AIM OF THE EXERCISE: Down to the last line of the listing, starting at the one with "Sparkled Beauty: Sephora", retype each line exactly. Do not copy the pictures.

EXERCISE DATA:
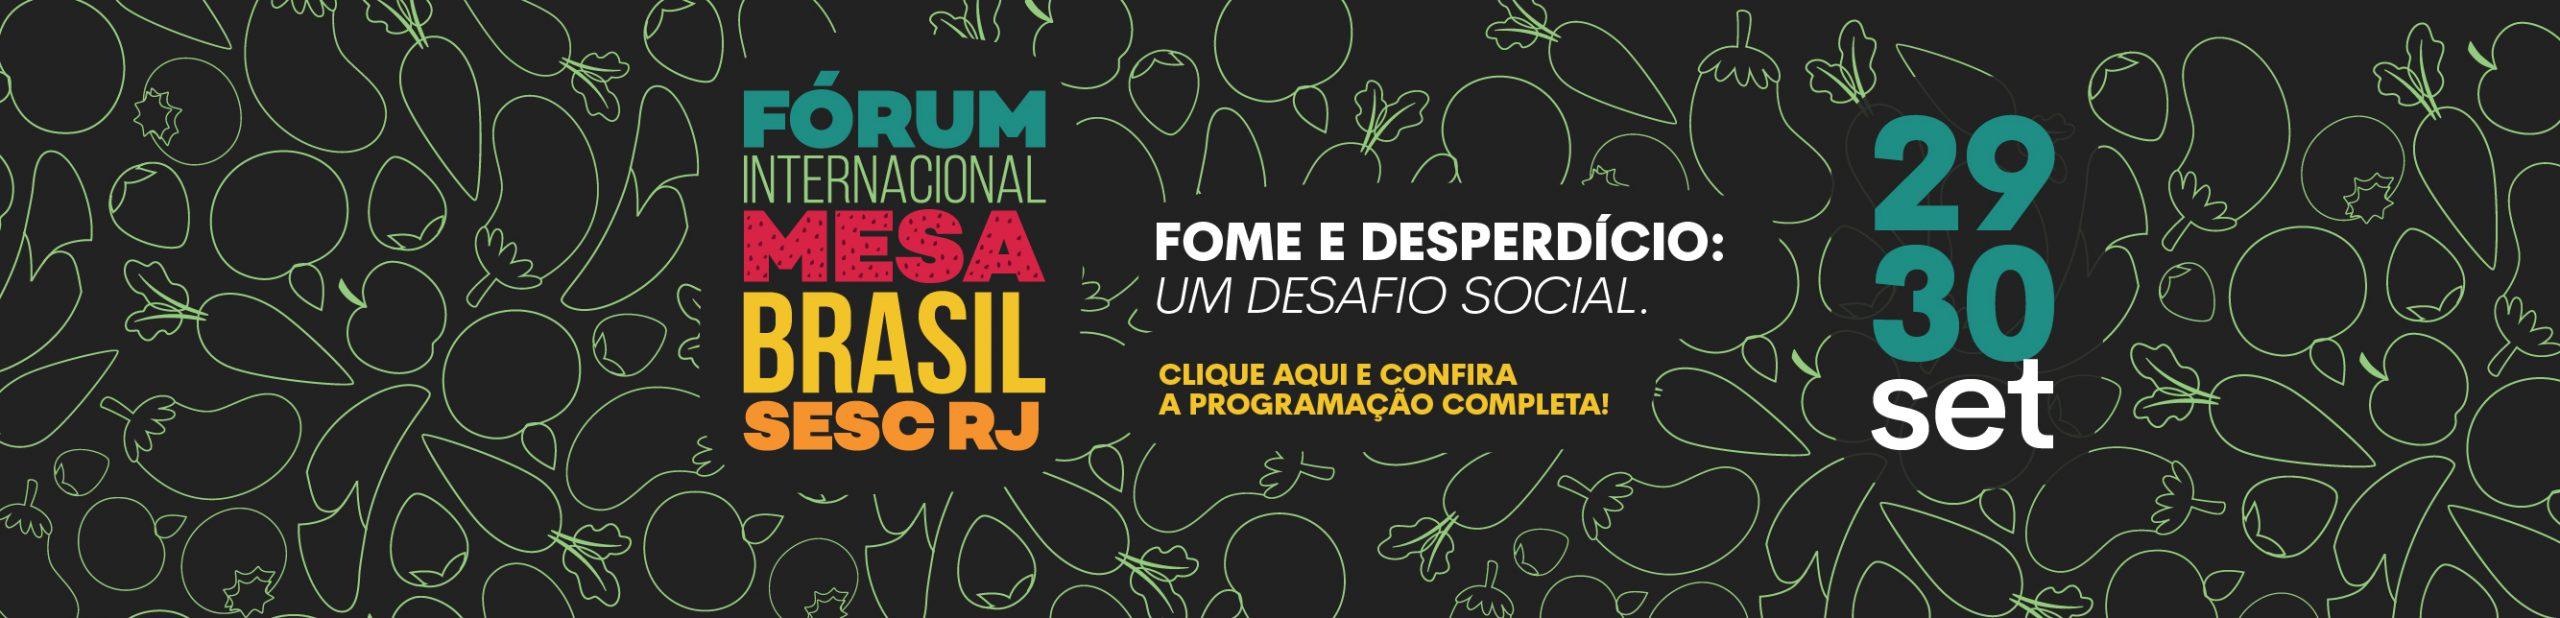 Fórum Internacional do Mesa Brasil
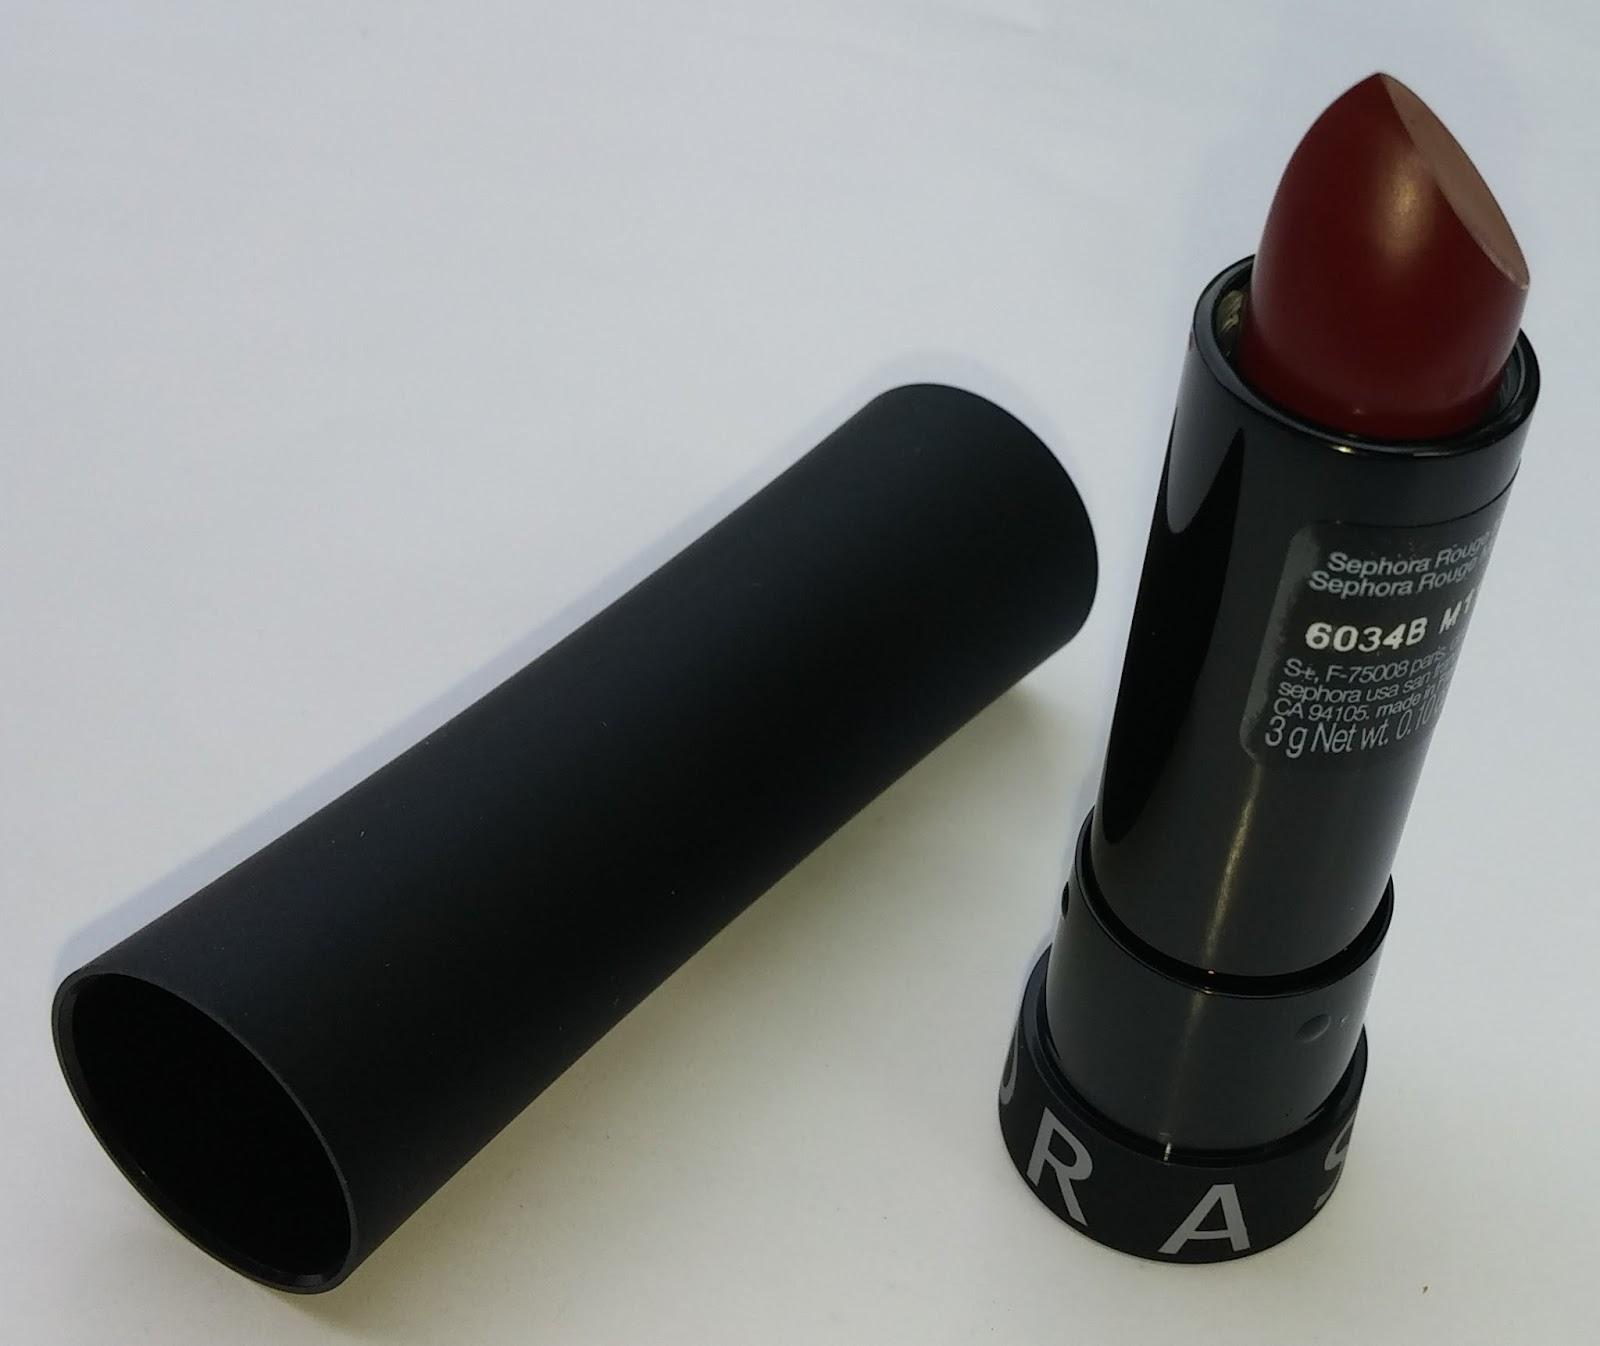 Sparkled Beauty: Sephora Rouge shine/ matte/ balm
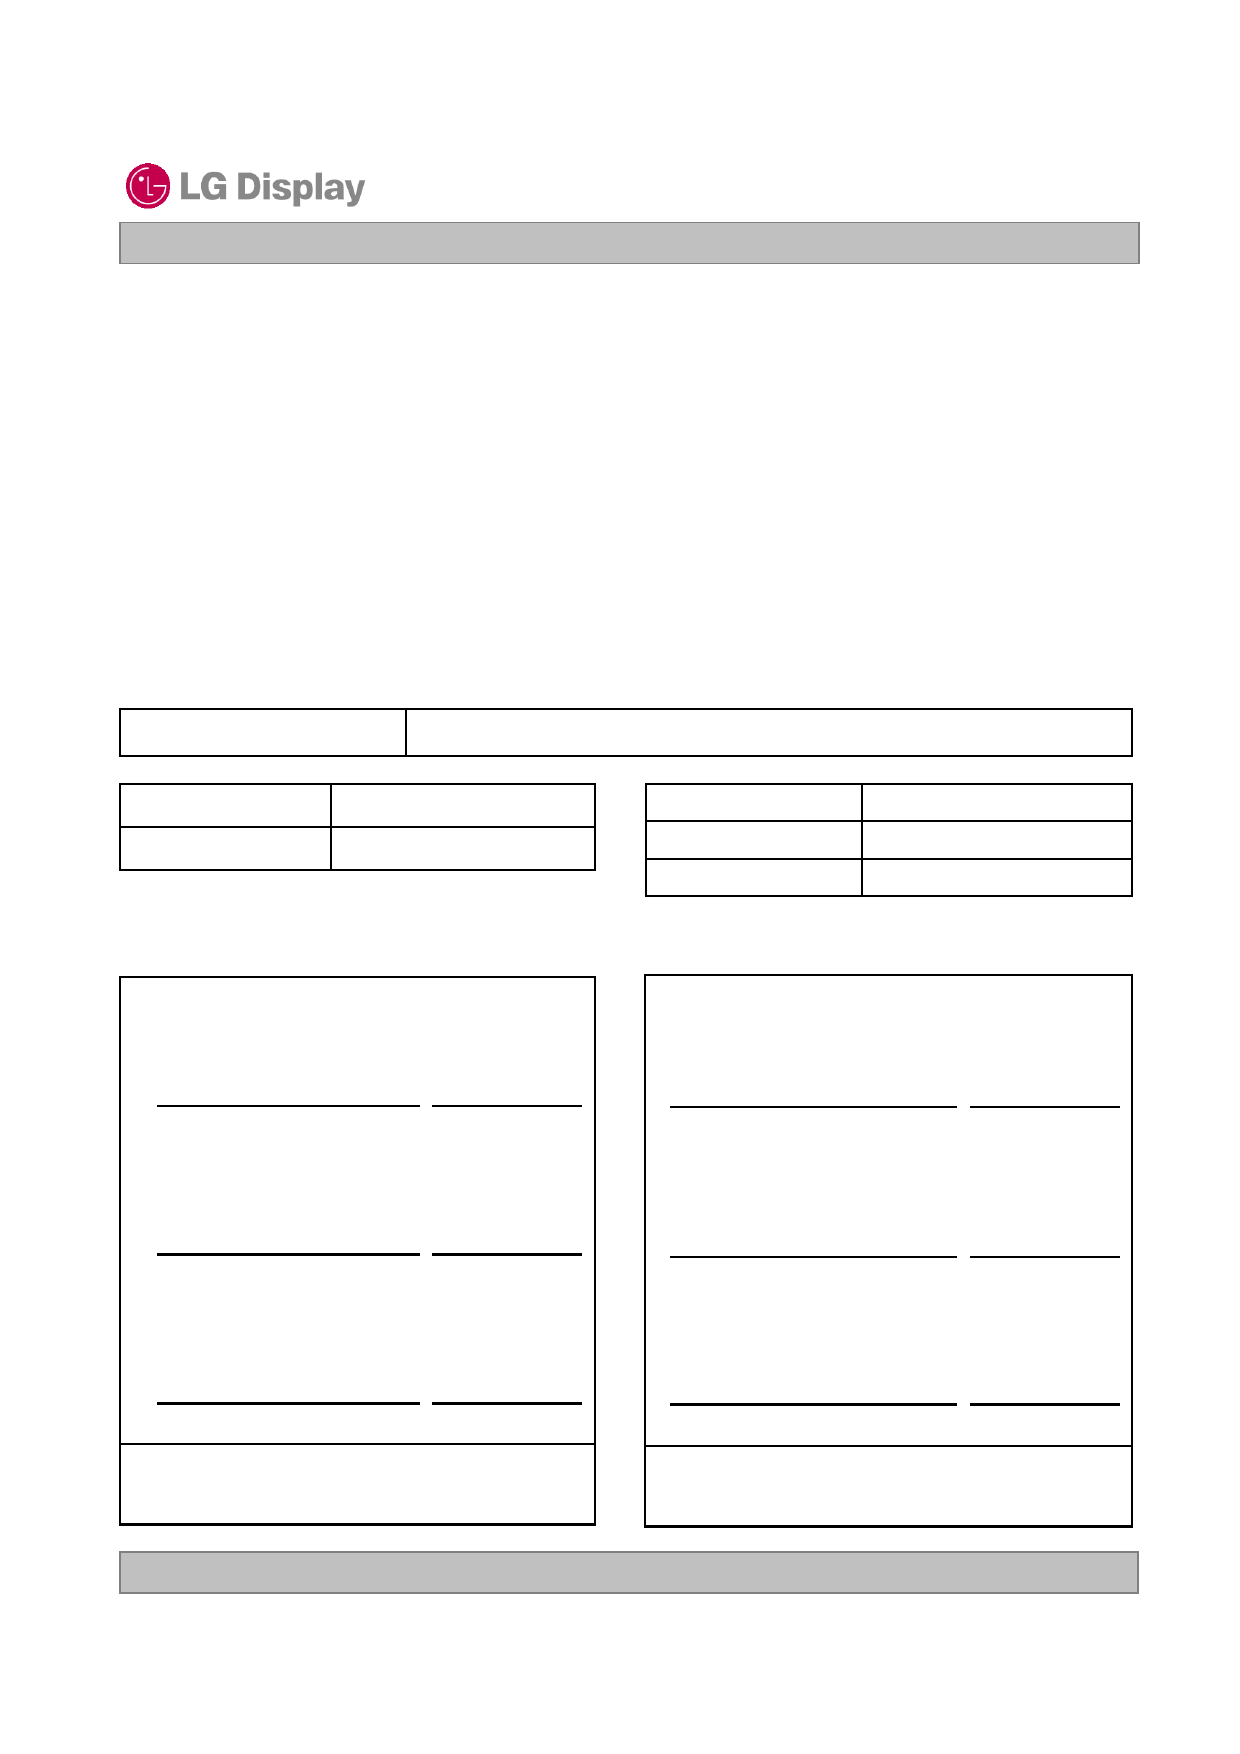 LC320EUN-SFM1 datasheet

ANSWER FOR THIS EXERCISE:
 Sparkled Beauty: Sephora Rouge shine/ matte/ balm
 LC320EUN-SFM1 datasheet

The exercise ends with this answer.